The starting point in English Law is that individuals are entitled to leave their Estate to whoever they choose (known as testamentary freedom).  Testamentary freedom is however subject to certain restrictions and one of those is the 1975 Act which allows spouses, children or other dependents of a Deceased to claim “reasonable financial provision” in circumstances where the court deems the provision left for them under the will to be unreasonable.  The 1975 Act allows the judge hearing the claim quite a wide discretion to decide what constitutes reasonable financial provision by reference to a list of factors, including the size of the Estate, the conduct of the individuals involved and the various demands on the Estate. However, any provision is limited to awards of maintenance, a standard which is not defined in the 1975 Act, but which is calculated by reference to the specific facts of the case.

This case has been flip-flopping through the appeal courts since 2007.  The first instance judge found that C’s straightened circumstances, the absence of other demands on the Estate and D’s unreasonable conduct towards C warranted an award of £50,000.  This decision was reversed and then re-reversed on appeal, with a 2011 appeal upholding the original award of £50,000.

In the eyes of many practitioners, the 2011 judgment was the leading authority on claims by adult children and confirmed the established rule that the way in which the trial judge decides to exercise his/her discretion under the Act should not be interfered with lightly.

This latest decision appears to cast doubt on that proposition, with the Court of Appeal judges finding that the original judge made many errors when carrying out his original quantification of the award, including:

  • seeking to make an award that replicated C’s existing state benefits;
  • failing to assess what C might reasonably require for her maintenance other than by analogy with state benefits;
  • ignoring the fact that half of the estate came from a life insurance payment following the death of C’s father;
  • failing to take account of C’s expenditure on rent; and
  • failing to get to the bottom of how any award would affect C’s state benefits. 

By re-assessing the relevant facts and applying the provisions of the 1975 Act, the Court of Appeal found that C’s award should increase to £143,000.

The implications for our clients

This is arguably a landmark change to the legal landscape in this area.  Not only is it likely to increase the risk of claims by disinherited adult children, it may also make it easier for claimants to challenge awards that they don’t like.  That said, it is possible that the ruling could yet again be reversed by an appeal to the Supreme Court by the charities    

Furthermore, even if the decision stands, its effect should be approached with caution.  The media have already begun to significantly overplay the implications of the case on testamentary freedom, and it risks being misinterpreted as amounting to effective forced heirship.  This is entirely incorrect – even after this decision claims under the 1975 Act by adult children remain highly fact specific and there is no automatic right to inheritance, even for children with necessitous financial circumstances.

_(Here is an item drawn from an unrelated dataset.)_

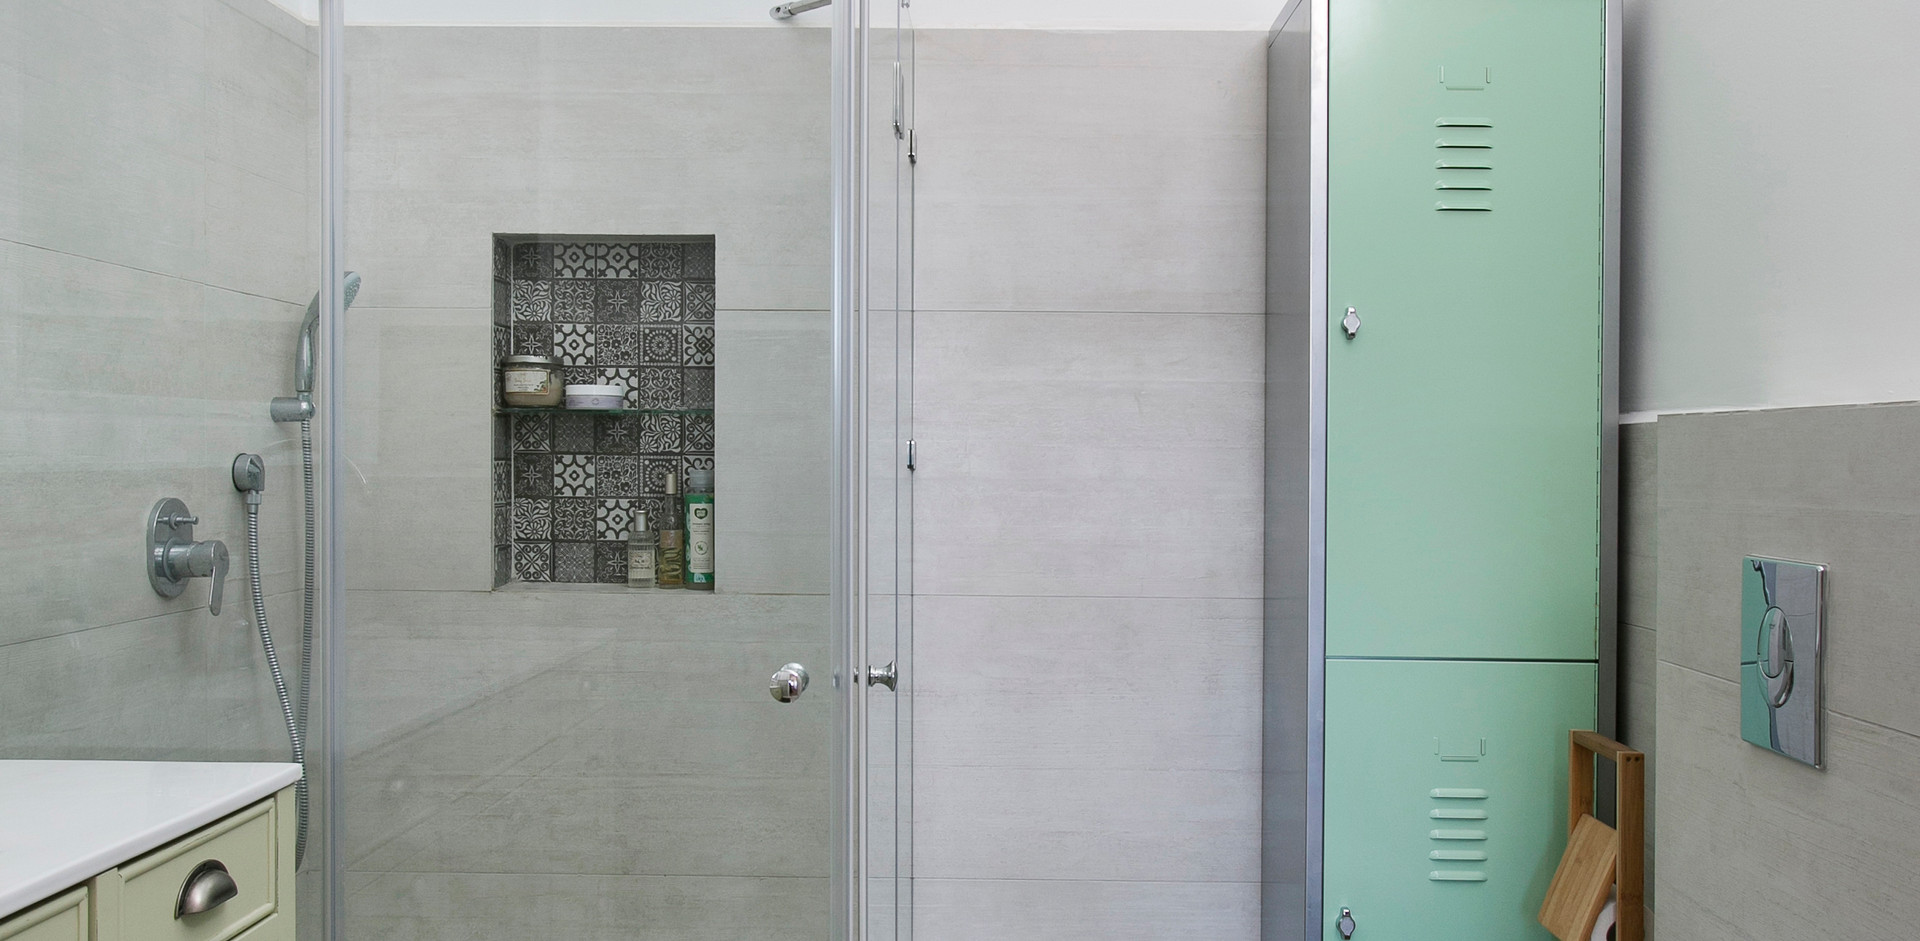 חדר אמבטיה- תקרה תכולה, יחידת לוקר תוכננה לחלל במיוחד.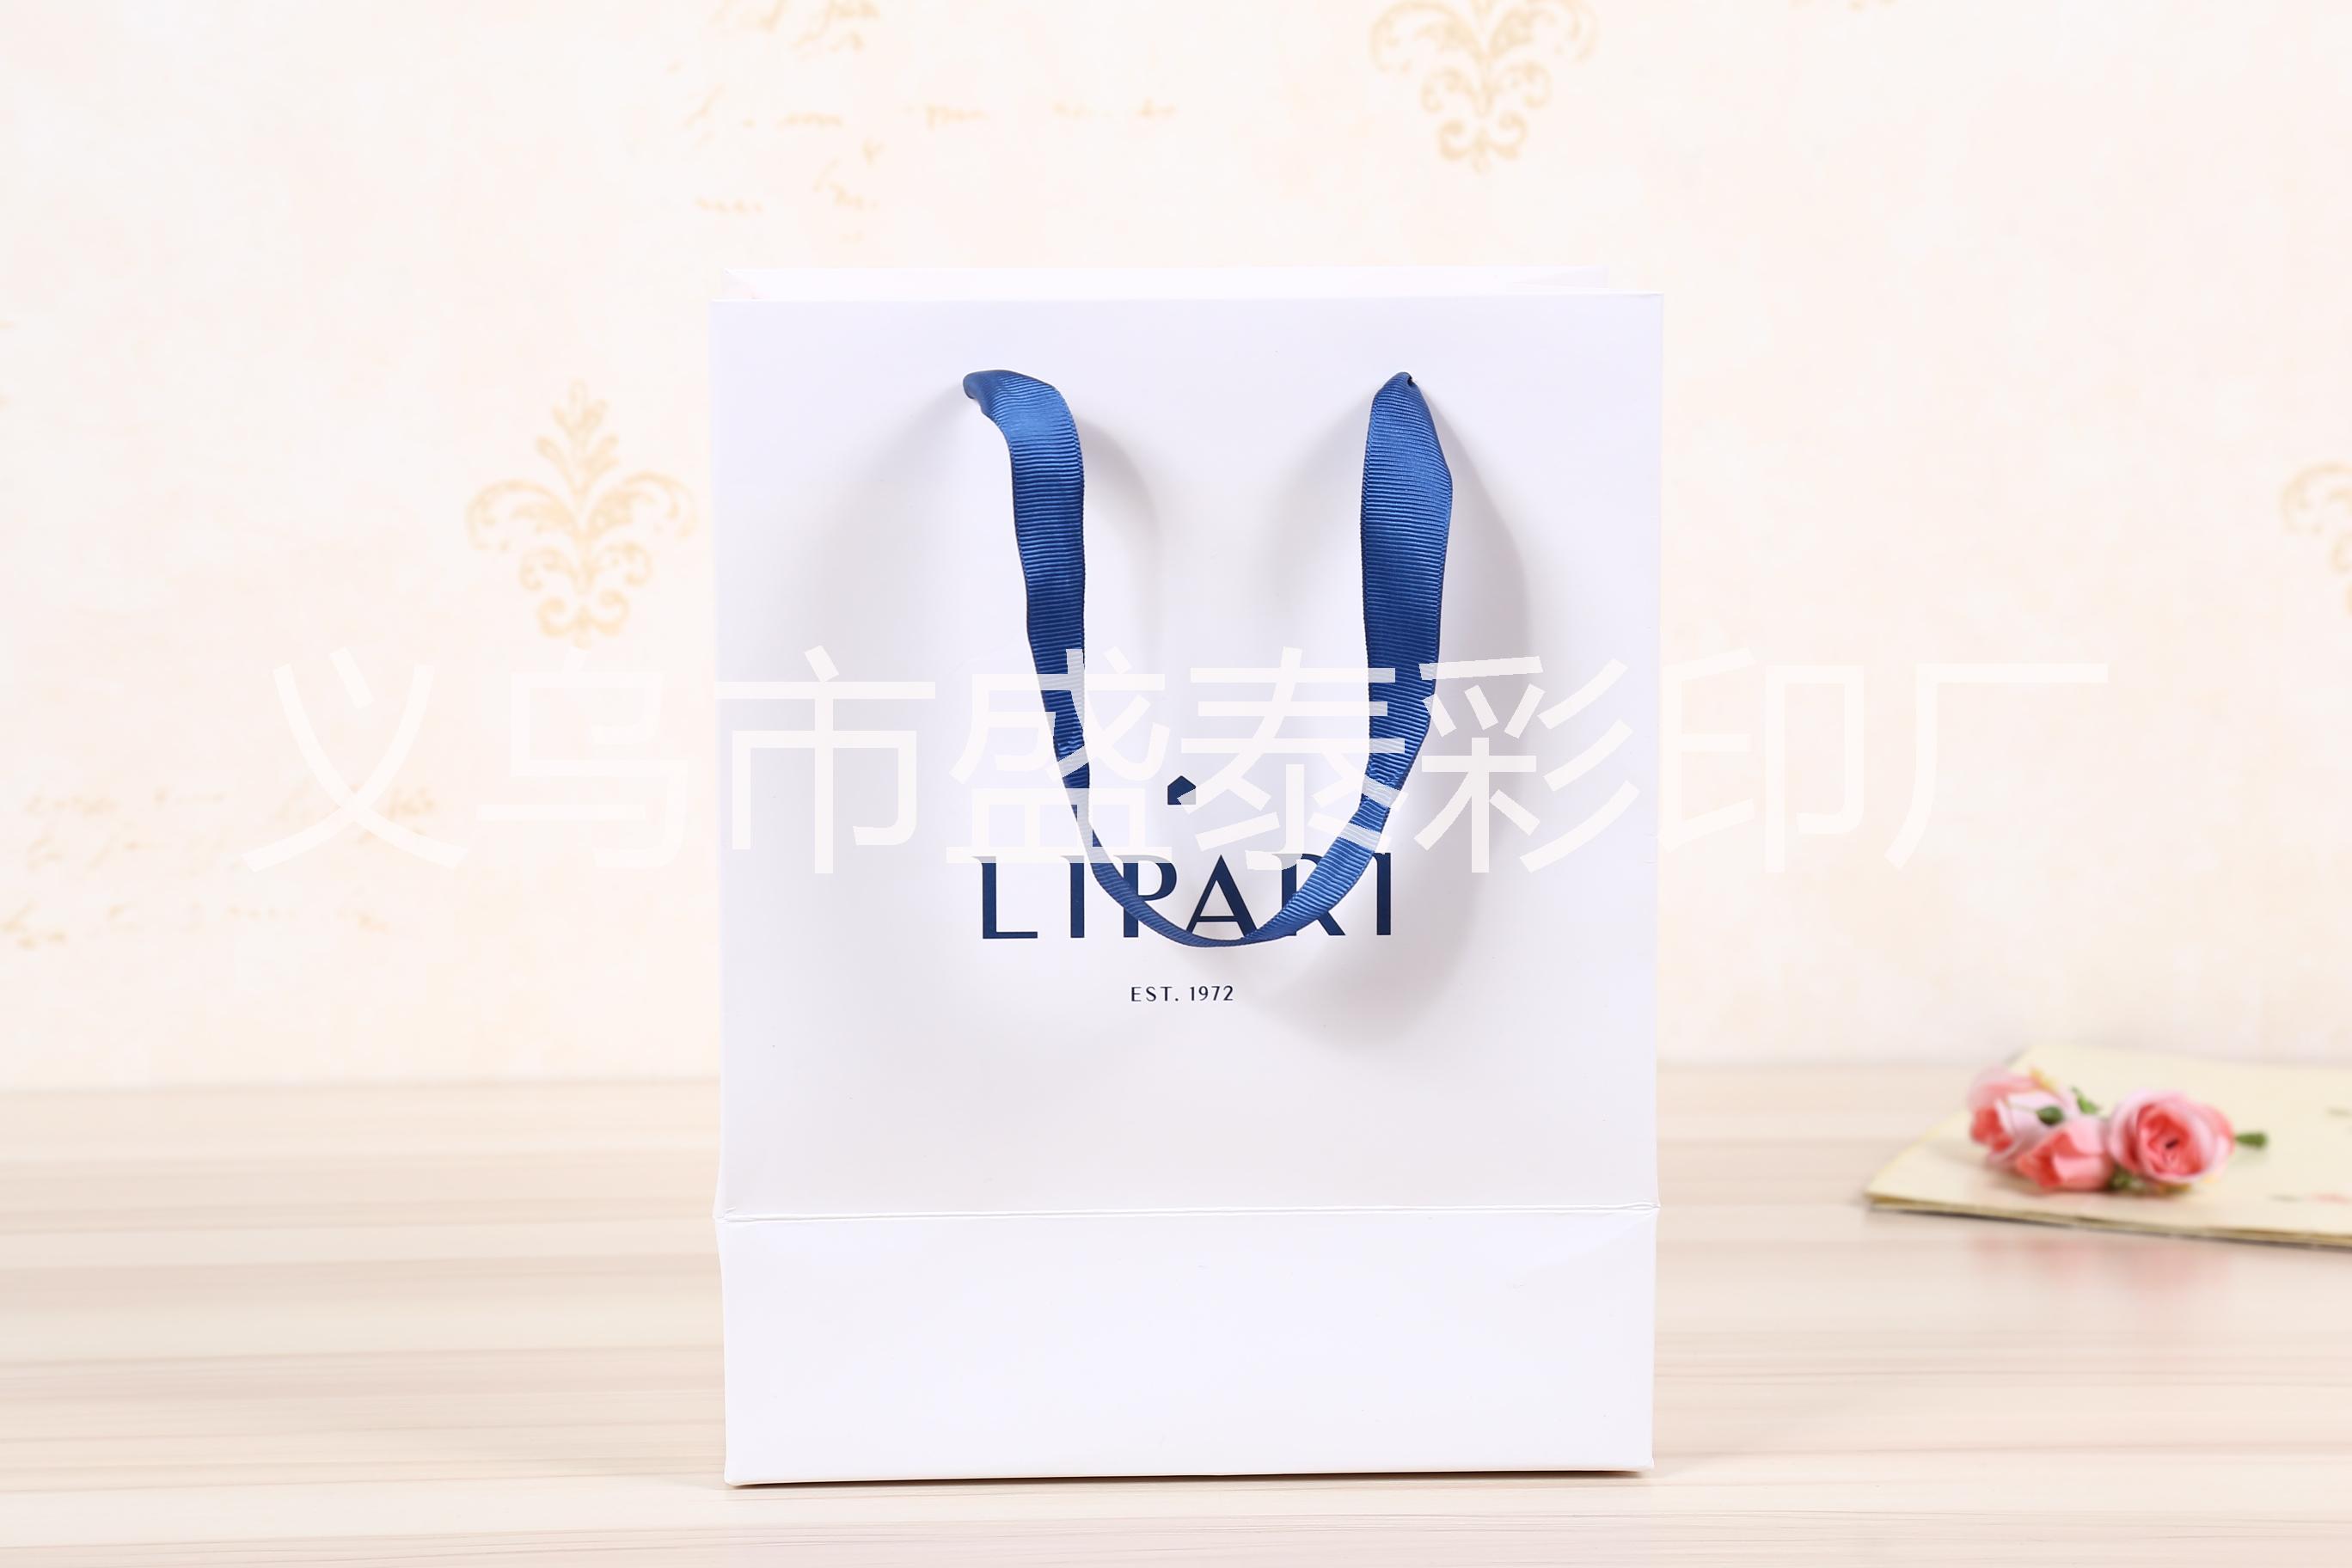 韩版商务广告礼品袋 潘通色包装袋 手提服装购物袋

The best way of minimising the risk of a claim is to talk the situation through thoroughly with your trusted advisers at an early stage and where possible address the situation head on through a combination of effective Estate planning and communication with the family members (and where appropriate the charities involved).

Charities perhaps face greater challenges given the adverse PR that will follow this ruling and a number of other adverse decisions in recent years.  Charities are in an awkward position; their obligation is to seek to maximise the value of assets in their hands, and that can mean challenging claims under the 1975 Act, even in the face of adverse publicity.  But it must not be forgotten in this case that the charities still stand to receive 2/3rds of Mrs Jackson’s Estate, and legacy giving remains an entirely appropriate way of leaving all or part of one’s Estate in the right circumstances.